Die SASL Authentifizierungsdatenbank /etc/postfix/smtp_auth.db fehlt. Du solltest sie mal neu erstellen mit:

postmap /etc/postfix/smtp_auth


----------



## bluecrystal (28. Okt. 2010)

*funktioniert net  *

david-linux:/home/davidlinux # postmap /etc/postfix/smtp_auth
postmap: fatal: open /etc/postfix/smtp_auth: No such file or directory

:/ hab ich noch irgendwo nen fehler?


----------



## bluecrystal (28. Okt. 2010)

david-linux:/etc/postfix # vi smtp_auth.db
david-linux:/etc/postfix # postfix /etc/postfix/smtp_auth.db
/usr/lib/postfix/postfix-script: line 337: /etc/postfix/smtp_auth.db: No such file or directory




die smtp_auth.db ist eine leere Datei stimmt das oder fehlen da ein paar   Zeilen? ^^


----------



## Till (28. Okt. 2010)

Du hast den Server doch sicherlich nach irgendeinem Tutorial installiert?

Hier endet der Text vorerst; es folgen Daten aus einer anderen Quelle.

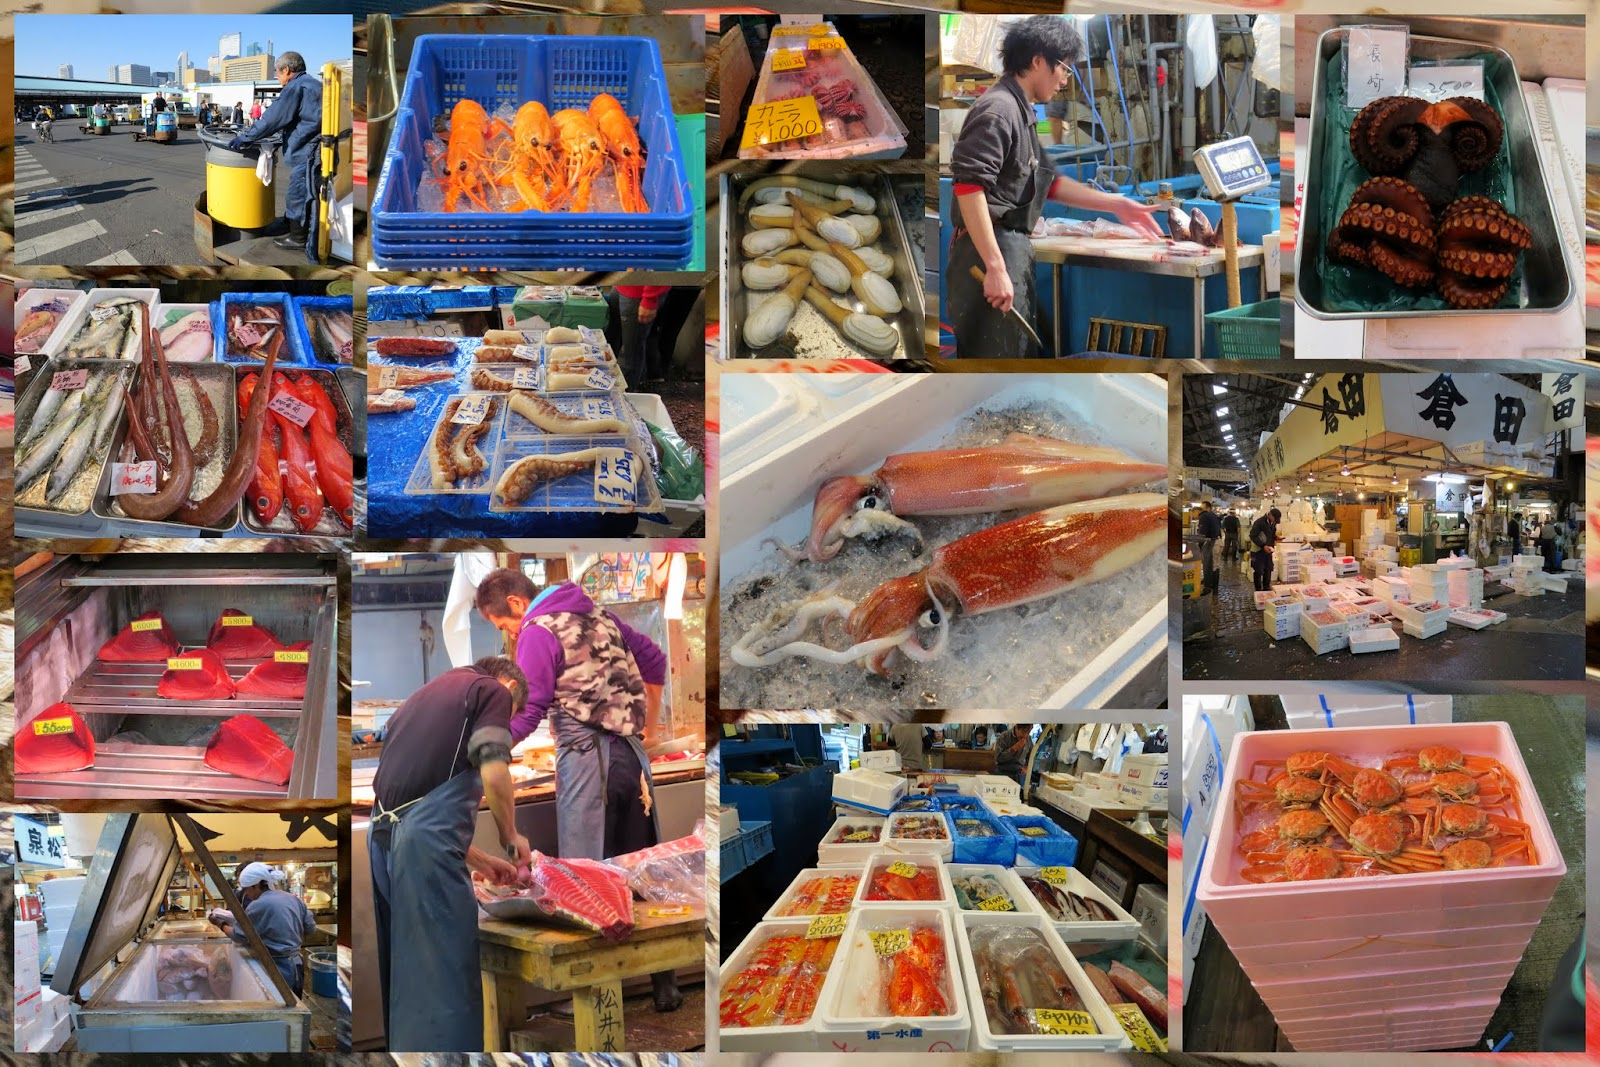 Areas of Tokyo City: Tsukiji Fish Market
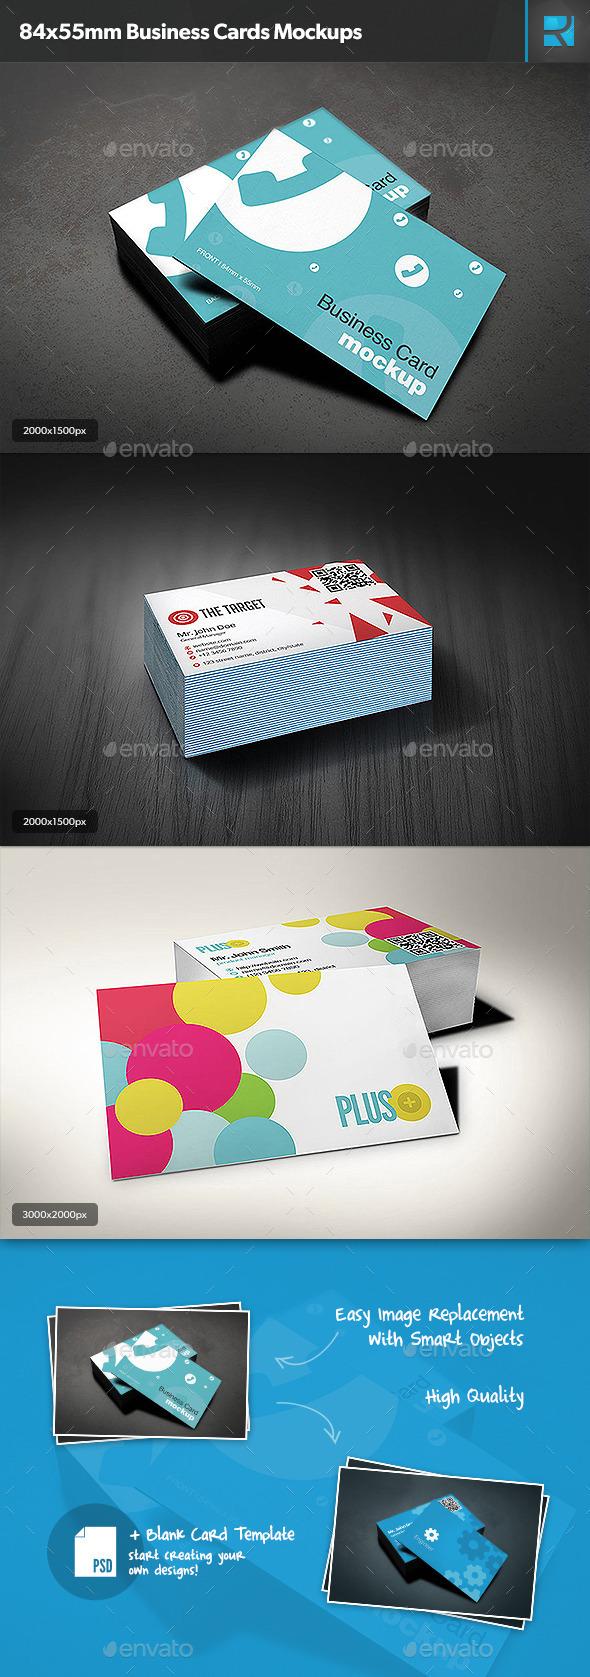 84x55mm Business Cards Mockups

Dann schau da am besten mal nach, in welchem format Du die User zur Authentifizierung in der datei /etc/postfix/smtp_auth anlegen musst damit Du dann nacher mit postmap die .db datei daraus erstellen kannst.


----------



## bluecrystal (28. Okt. 2010)

öhm nö hab den so eingerichtet


----------



## Till (28. Okt. 2010)

Ok. Na dann schau mal hier:

http://postfix.state-of-mind.de/patrick.koetter/smtpauth/smtp_auth_mailservers.html


----------



## bluecrystal (28. Okt. 2010)

hab mir den link angesehn Danke, aber ichhabs genau so wie es dort steht...


----------



## bluecrystal (28. Okt. 2010)

grad bin ich mit MC durch die Ordner geswitcht und mir ist was ins  Auge gefallen smtp_auth.db.db 
die Datei ist Unerkenntlich es stehn nur @@@@@@@@@@@@@@@@@@@@@@@@@@@@@@@@@@@@ drin
auch wenn ich sie mittels vi öffne 
is das normal oder is da nen Fehler?


----------



## bluecrystal (28. Okt. 2010)

könnte das evtl auch am relayhost liegen?
langsam verzweifel ich wirklich...


----------



## Till (28. Okt. 2010)

> grad bin ich mit MC durch die Ordner geswitcht und mir ist was ins Auge gefallen smtp_auth.db.db
> die Datei ist Unerkenntlich es stehn nur @@@@@@@@@@@@@@@@@@@@@@@@@@@@@@@@@@@@ drin
> auch wenn ich sie mittels vi öffne
> is das normal oder is da nen Fehler?


Das ist normal, es handelt sich ja auch um eine Binärdatei. Wie in dem Tutorial das ich Dir gepostet habe editierst Du ja auch die Datei ohne die .db Endung.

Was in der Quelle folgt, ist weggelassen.